An Experiment in Free Promotions

I've been wondering how effective advertising is for free promotions on Amazon. There are numerous sites to which you can apply for posting your free book. Some of these sites offer free advertising, others say they may or may not give you exposure but if you pay them some money they will guarantee it. They're only asking for five dollars but if you do that a few times it adds up. Do people really pay for advertising for a free book? Reminds me of the gold rush days when the only person making any money was the guy selling pickaxes and shovels.

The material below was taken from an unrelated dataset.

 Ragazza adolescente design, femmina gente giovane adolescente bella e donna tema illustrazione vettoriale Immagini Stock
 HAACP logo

I tried an experiment with free promotional advertising last month. I put out Tapestries of Betrayal, a new title, for free for five days and promoted it everywhere I could for free. I had five free days on Tales of Woe and Wonder, an older title, that were going to expire, so I put that book up for free for the same time period but didn't do any advertising. Tapestries is a single story; Tales is a collection, but both fall in the fantasy genre.

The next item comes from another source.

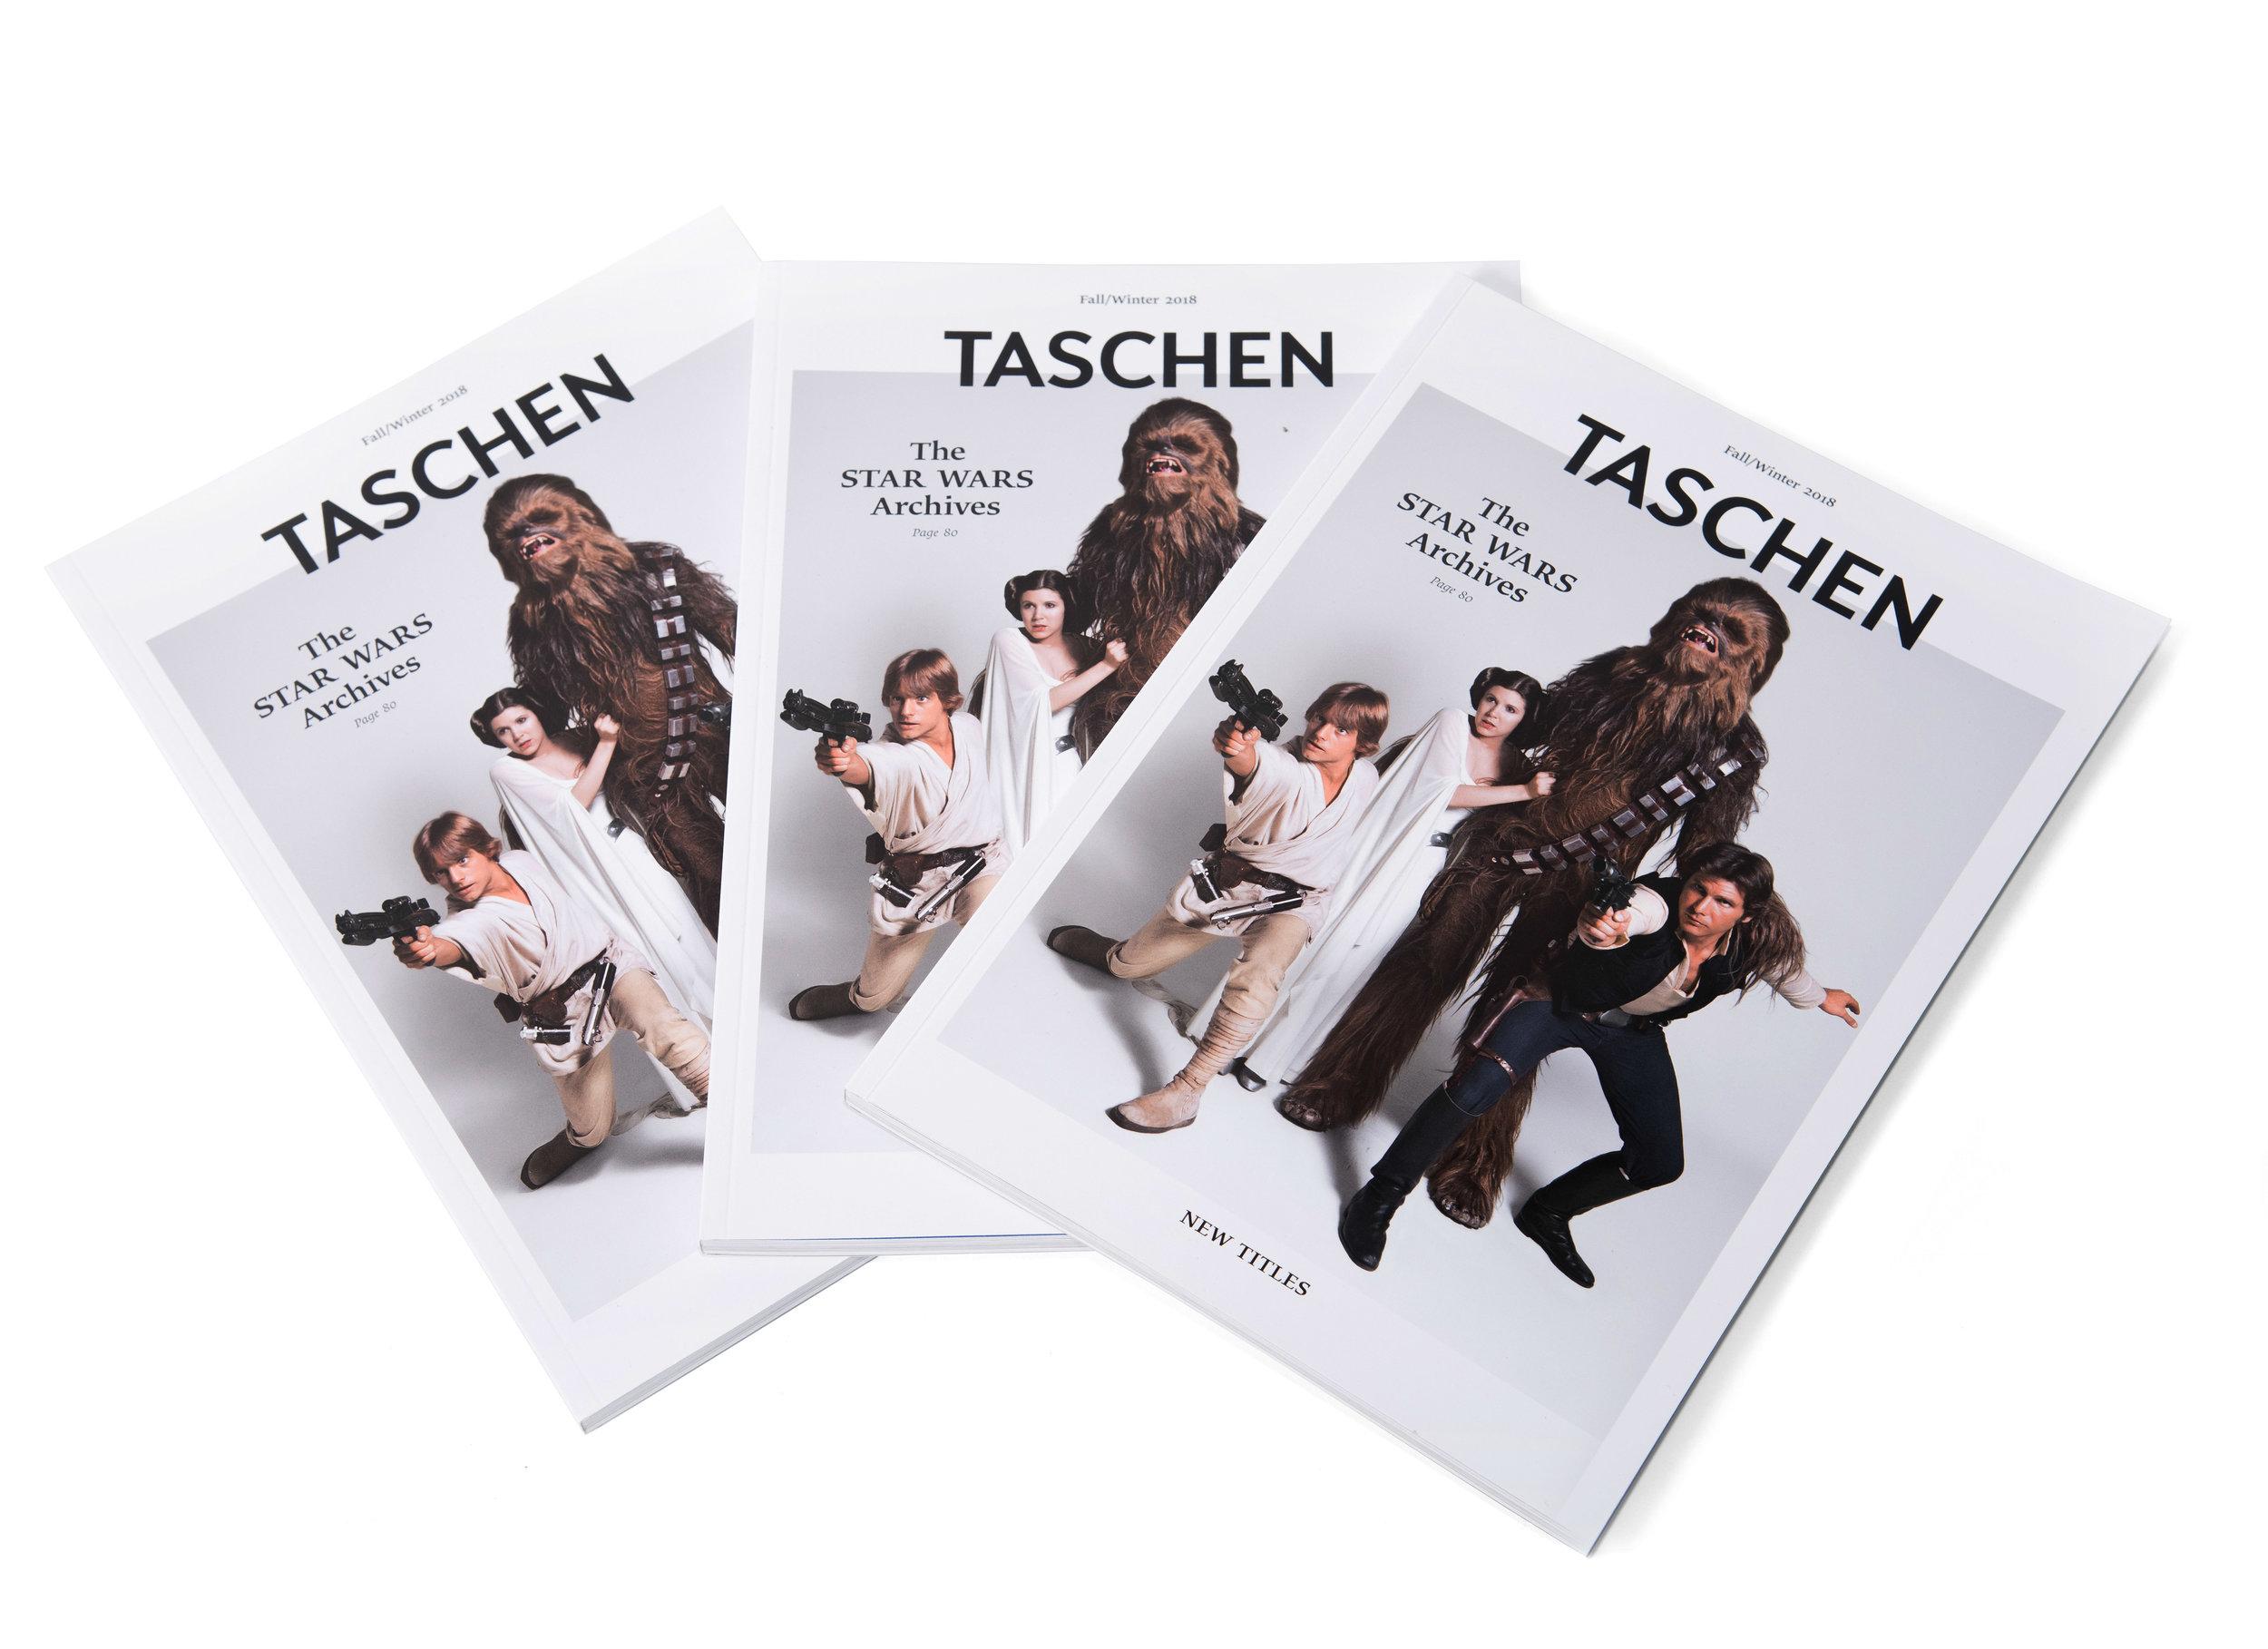 Taschen_Magazine.jpg

I expected the promoted title to do much better considering the hours I spent filling out submission forms. Ultimately, the promoted title out performed the non-promoted title but not by that much. Tapestries accounted for 58.5% of my free downloads while Tales took 41.5%. Remember that I had already done a free promotion for Tales a few months earlier. So, advertising appears to help some but readers still found the non-promoted title.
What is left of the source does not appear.